Les élèves sous-officiers, un genou à terre, lors de la cérémonie du dévoilement de leur grade de gendarme. Ici, à l’école de Chaumont (Photo: école de gendarmerie de Chaumont).

La Gendarmerie : voyage au cœur d’une Institution en marche

La Gendarmerie a-t-elle un ADN particulier ? L’Essor a posé la question à des gendarmes d’active et retraités, ainsi qu’a un historien de l’Arme.

“La militarité de la Gendarmerie ne lui fournit pas seulement une matrice, un cadre d’emploi et un mode d’action. Elle constitue un enjeu et contribue à l’image, positive ou non, que les autorités, les autres forces de sécurité et la société lui renvoient.” En deux phrases, l’historien et professeur émérite de la Sorbonne Jean-Noël Luc définit ainsi la militarité comme l’essence même de l’Arme.

“En cas de crise majeure, le gendarme reste le dernier rempart du gouvernement,  parce  qu’il  est  militaire.” A 73 ans, dont trente-trois ans de service en gendarmerie départementale, l’adjudant-chef  Bruno  Sylvestre  se montre catégorique . “Les gendarmes, ajoute-t-il, sont attachés aux mêmes valeurs et sont solidaires entre eux.

“L’essence militaire” de la Gendarmerie

Le général d’armée Denis Favier, chef du GIGN à deux reprises et directeur de l’Arme de 2013 à 2016, préfère mettre en avant “l’essence militaire” de la Gendarmerie, qui se traduit par “sa disponibilité et sa capacité à répondre à des engagements lourds“. Une “essence militaire” renforcée par le rattachement au ministère de l’Intérieur, il y a onze ans.

“La Gendarmerie, rappelle également le Pr Luc, est d’abord une institution enracinée dans l’armée par la Révolution et l’Empire. Elle lui emprunte, à des degrés divers selon les périodes, ses hommes, son encadrement, son organisation, ses équipements.” Sans oublier “une partie de son référentiel réglementaire, pratique et culturel, pour l’exécution de certaines de ses missions de police“, ajoute ce grand spécialiste de la Gendarmerie. Même si la Gendarmerie, souligne-t-il, “principalement dédiée à la sécurité intérieure, est aussi une force complémentaire des autres troupes, avant, pendant et après les opérations”.

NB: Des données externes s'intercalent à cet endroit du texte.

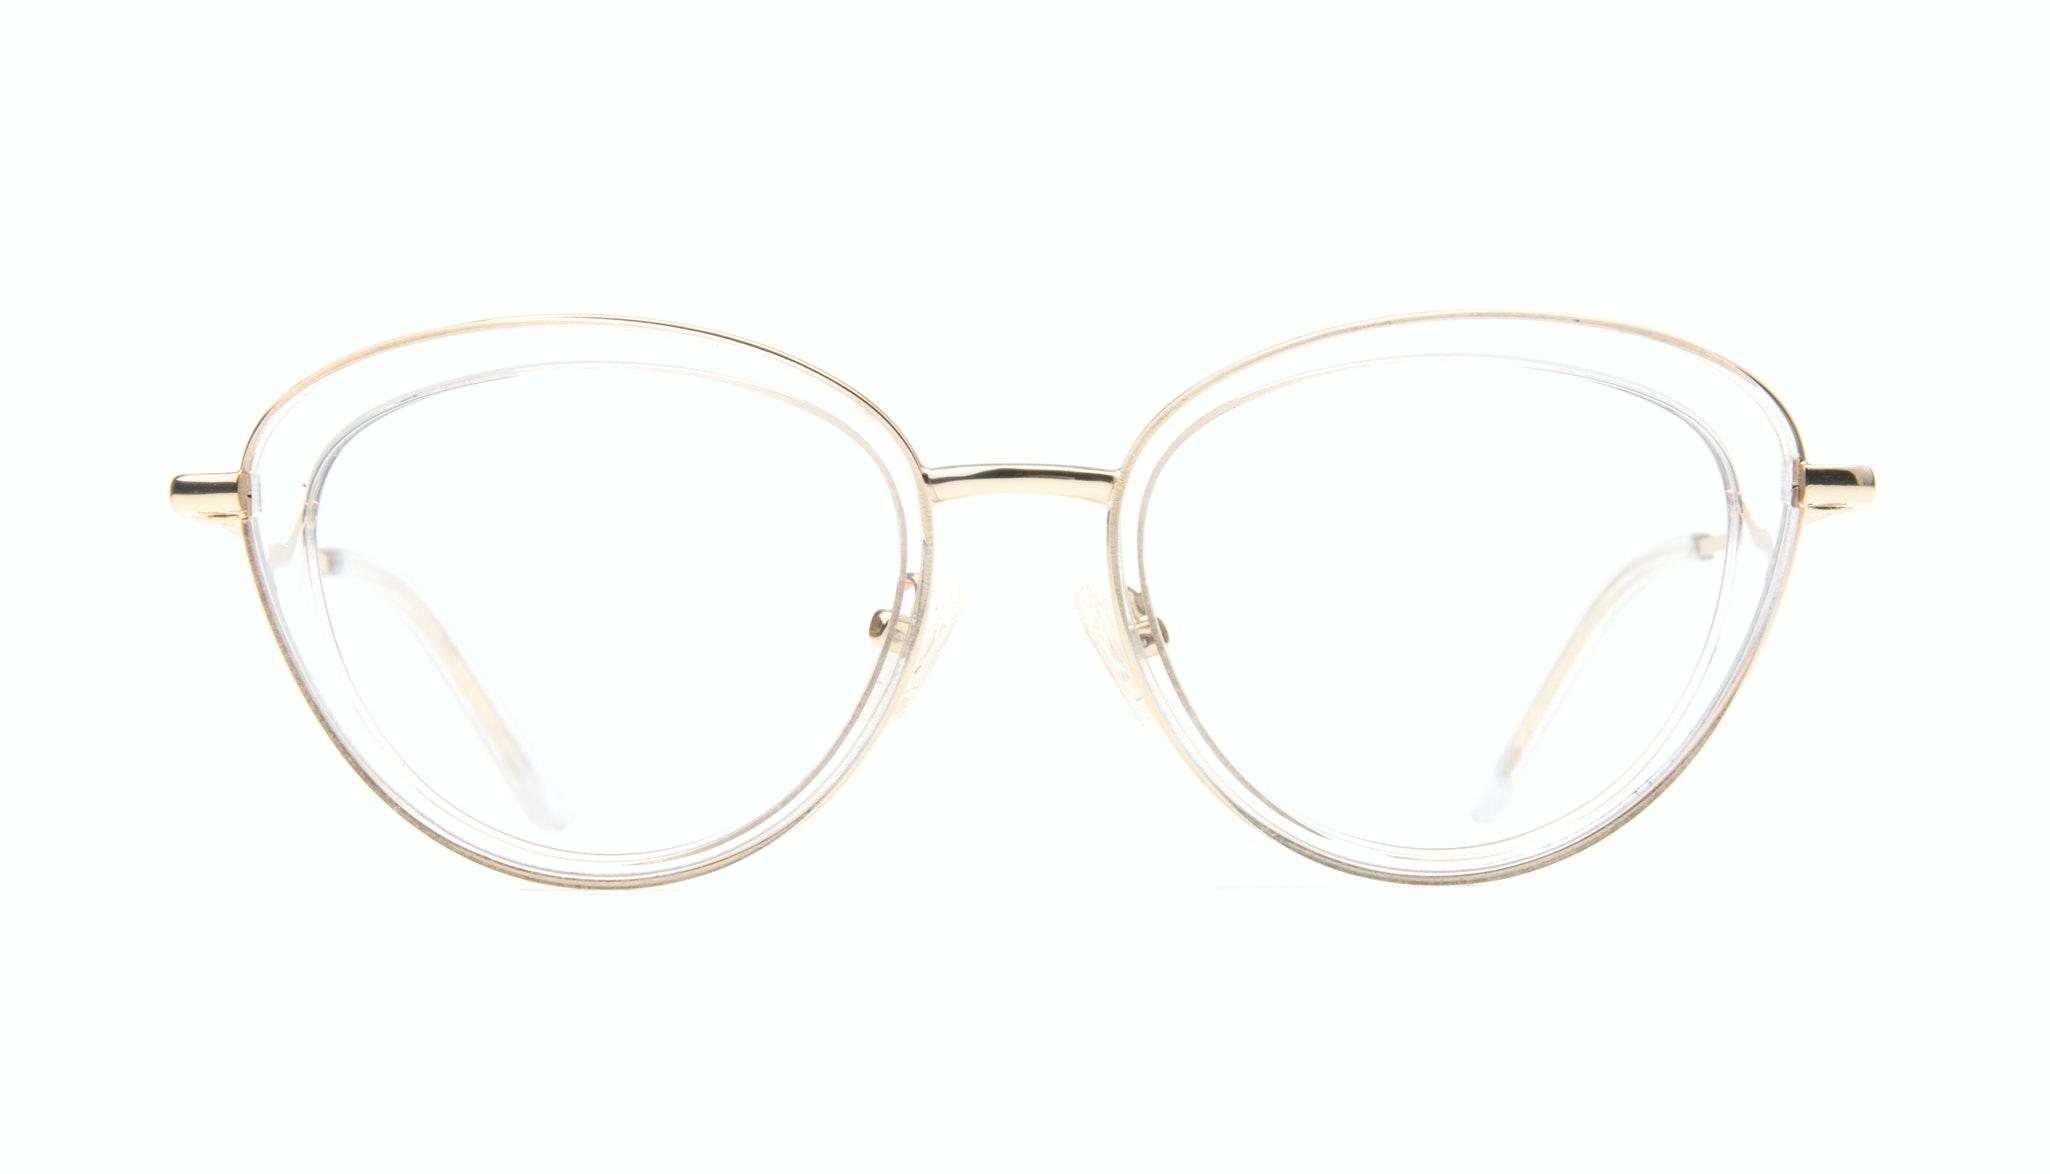 Affordable Fashion Glasses Cat Eye Eyeglasses Women Glory Gold Diamond Front

“Une force armée instituée pour veiller à l’exécution des lois

La loi du 3 août 2009, qui rattache la Gendarmerie nationale à l’Intérieur, la définit en effet comme “une force armée instituée pour veiller à l’exécution des lois“. D’aucuns, à l’époque, craignaient une dissolution de la Gendarmerie au sein de l’Intérieur. En fait, relève Denis Favier, “ce rattachement a permis à la Gendarmerie d’affirmer son identité et le renforcer son état militaire”.

Un lien donc direct avec l’état militaire, qui la distingue sans ambiguïté de la Police nationale, et une place solide due à la cohésion entre les personnels qui la servent, quel que soit leur grade. Les trois quarts des quelque 7.000 officiers de l’Arme sont en effet d’anciens sous-officiers. Une spécificité sans équivalent dans les Armées, la Police ou la Fonction publique. “Un esprit de corps“, note Bruno Sylvestre, qui fait que “les gendarmes sont attachés aux mêmes valeurs, et solidaires”. Grâce notamment au logement obligatoire –  une autre spécificité –, qui assure également “une meilleure cohésion entre les familles“, ajoute l’adjudant-chef.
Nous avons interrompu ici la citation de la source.